5) Poorer Work Performance
Offices in the United States say that sleepiness at work affects concentration and the amount of work done, and makes it harder to deal with stress at work.
People who often lack sleep tend to feel stressed and insecure. They make poor judgments and hold on to them even when they are obviously wrong.
Some even begin to feel useless and guilty for not keeping up. They often lose motivation as well. They become disinterested in the work they are doing. They don't care about the details and therefore don't cheque their work, no matter how important it is.
As a result, mistakes occur and when they are discovered, the employees' feeling that things are out of control increases.
Persistent sleep deprivation also affects the ability to focus on a task for an extended period of time. A lapse in sustained attention can result in a number being omitted from a column and a series of calculations not being completed correctly.
This can lead to placing the wrong order or making the wrong judgement about the return on investment. It can also be problematic for jobs that require vigilance, such as the work of a radar operator who must keep his eyes constantly on the screen to detect important information that rarely arrives.

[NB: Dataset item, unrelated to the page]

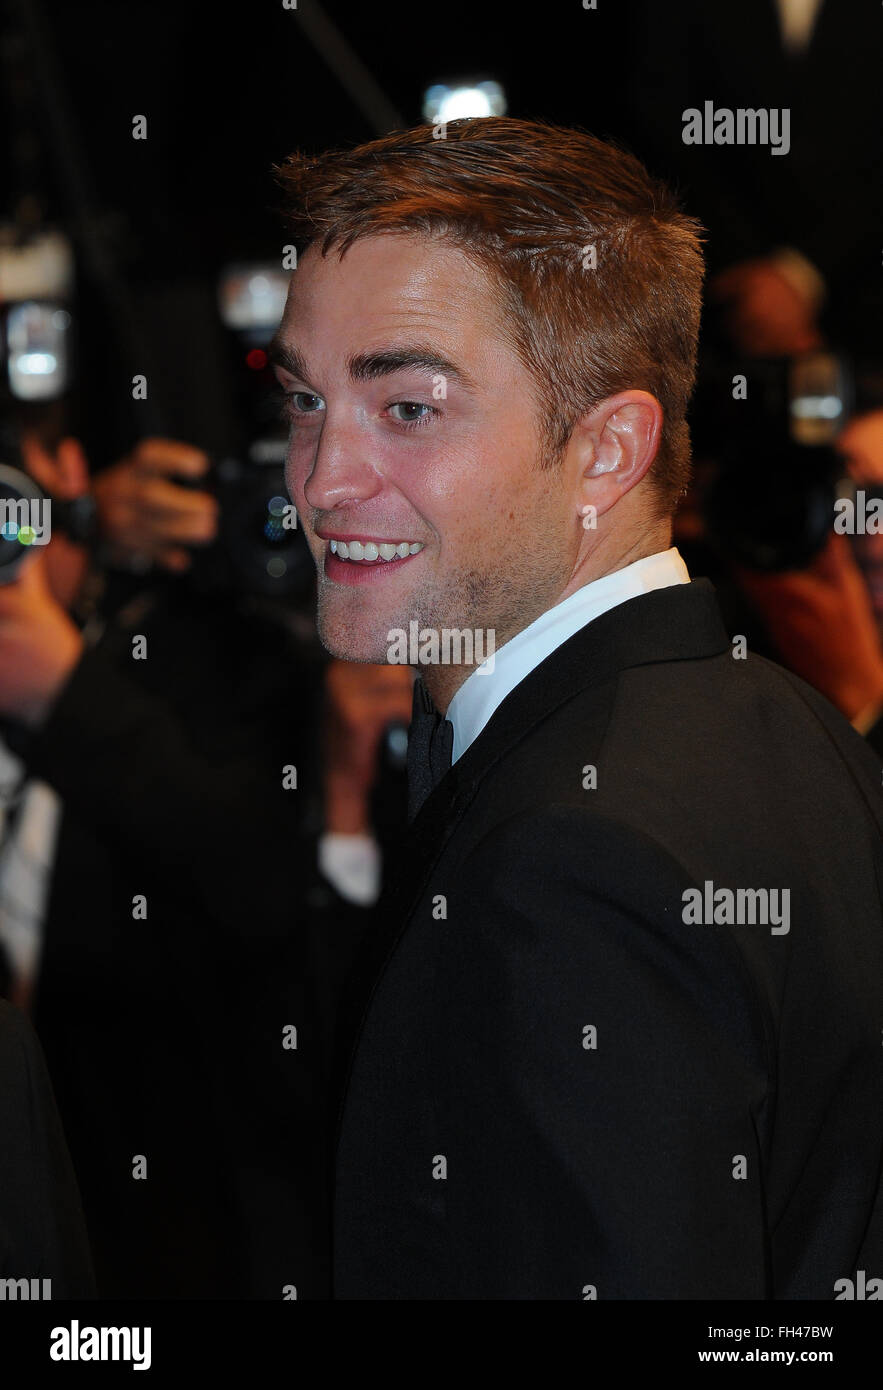 Cannes Film Festival - Stock Image
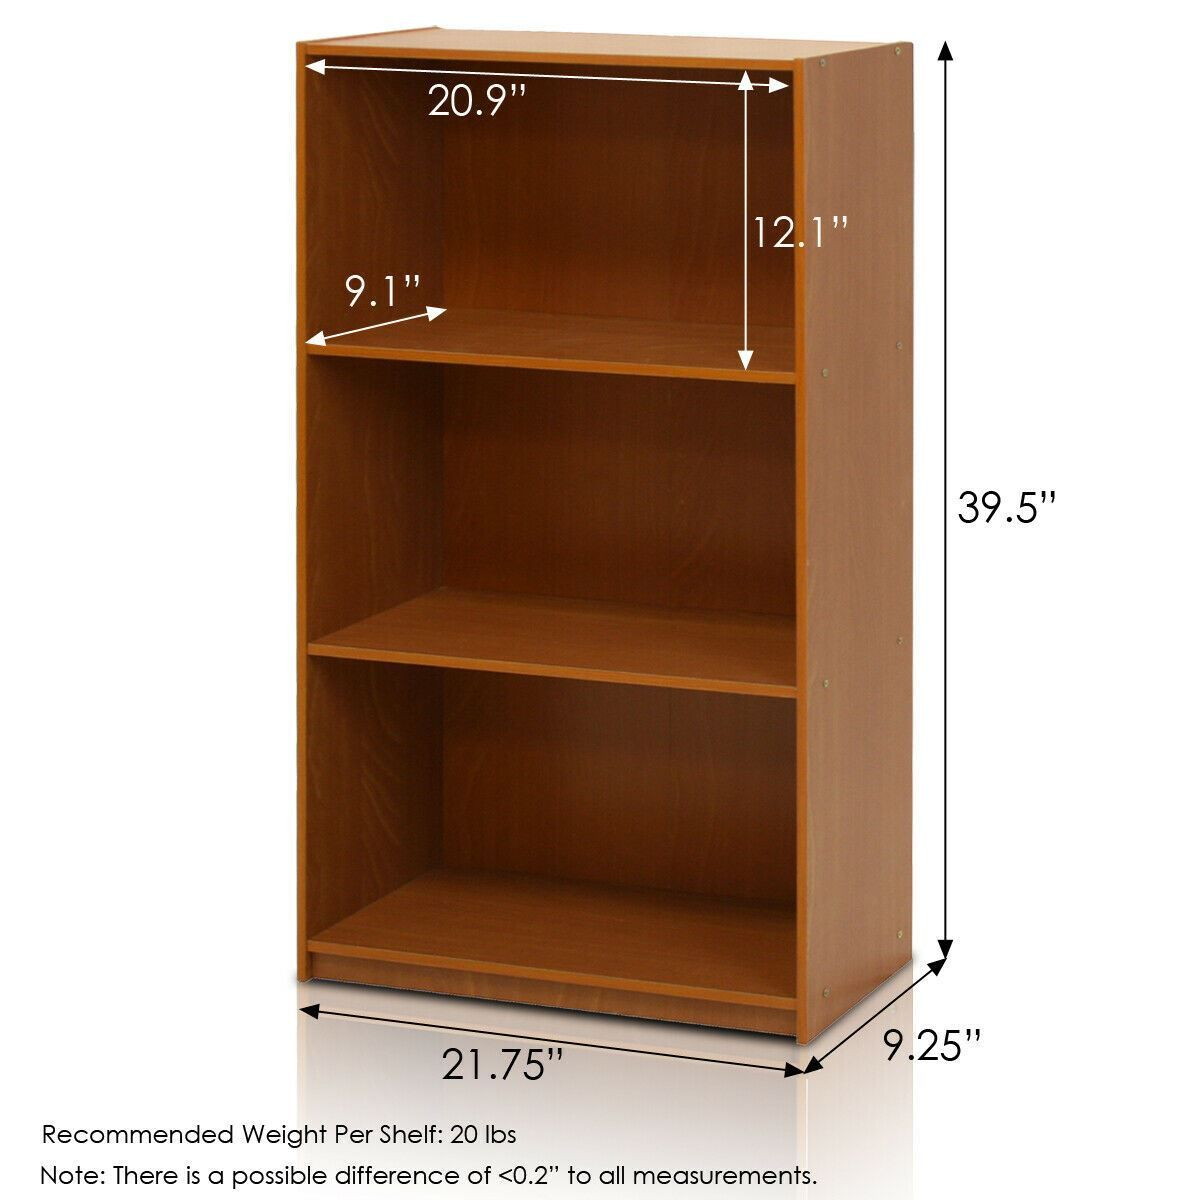 Furinno Basic 3 Tier Bookcase Storage Shelves, Light Cherry,Decorations

Sleep deprivation and sleep disorders cost the American economy at least US $150 billion (about RM690 million) a year in lost productivity and fatigue-related accidents, according to Cornell University psychologist and sleep specialist James Maas.
This content is accurate and true to the best of the author’s knowledge and is not meant to substitute for formal and individualized advice from a qualified professional.